Professor Urges Students to Beware Hate Sites on the Internet
DETROIT — A Wayne State University communications professor and Holocaust survivor considers the Internet an increasingly used, effective marketing tool by hate groups.
"The Internet is the greatest thing that ever happened to hate," Jack Kay, also an associate provost at the school, said last month while rallying a group of University of Detroit Mercy students to be watchful of hateful speech.
"It is up to us to do good," The Oakland Press of Pontiac quoted Kay as saying. "People do have a right to believe [in hate], but we have a responsibility to denounce what they say."
According to the watchdog Southern Poverty Law Center, hate-related Web sites increased by almost 60 percent in 1998. The organization that monitors hate groups nationwide said there were 254 such Web sites last year, up from 163 in 1997.
"The Internet and messages on the Internet are not just text," Kay told the students. "They are flashing before your eyes. The Internet is forming an Internet community culture, virtual communities."
To form "virtual hate communities," he said, hate group members go into Internet chat rooms and news groups — where people discuss issues — to spread their message and attract new members.
Kay believes female White supremacists account for a large portion of the proliferation of hate-related Web sites. During his speech titled "Cyberhate," he showed the audience a woman's White supremacy site, Aryan Female Homestead. It called for keeping the Aryan bloodline pure to ensure the survival of the White race.

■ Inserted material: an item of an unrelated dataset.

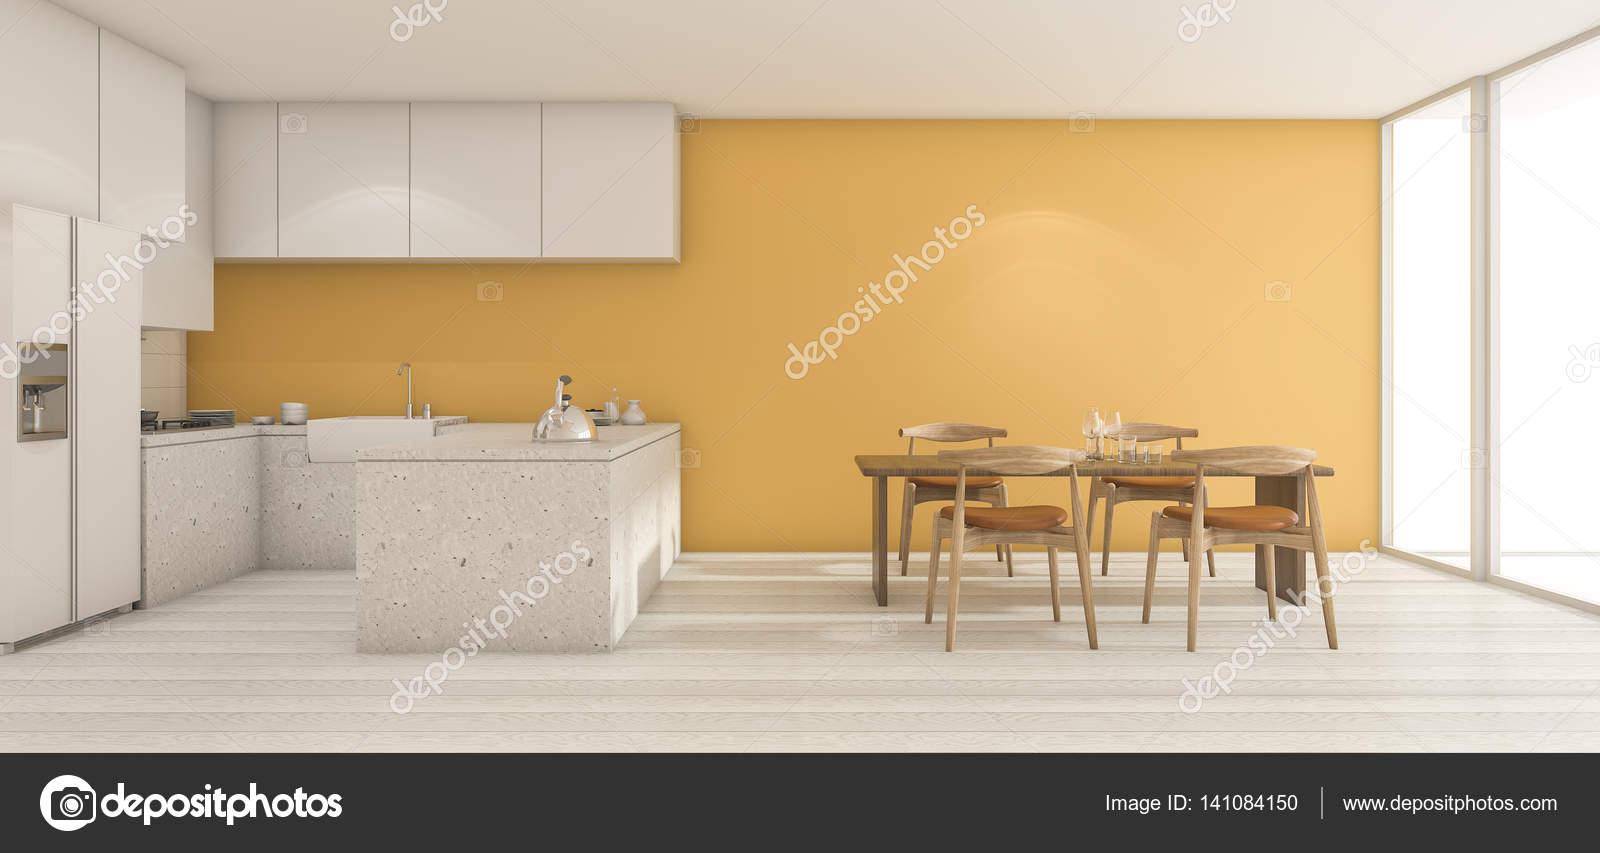 Tavoli Da Parete Cucina : 3d rendering largo giallo parete cucina con tavolo da pranzo in

"I am not going to contend that we aregoing to wake up tomorrow and see a White revolution," he said. "But I will contend that these groups are very dangerous. They are succeeding at using their rhetoric to get people to do things."
Federal, Local Authorities Seek University Computer Hacker
CHARLESTON, W.Va. — Federal and local authorities are investigating a computer hacker who may have gained access to government files from a computer lab at West Virginia University.
Federal agents launched the investigation last month, says Bobby Roberts, a security official at the university, who adds that the National Aeronautics and Space Administration has provided WVU investigators with records of when and how access to the files was gained.
Roberts says most university computers have backup tapes that can determine when and how they are used and what information the computer user retrieves.
It is not clear what type of information the hacker was seeking.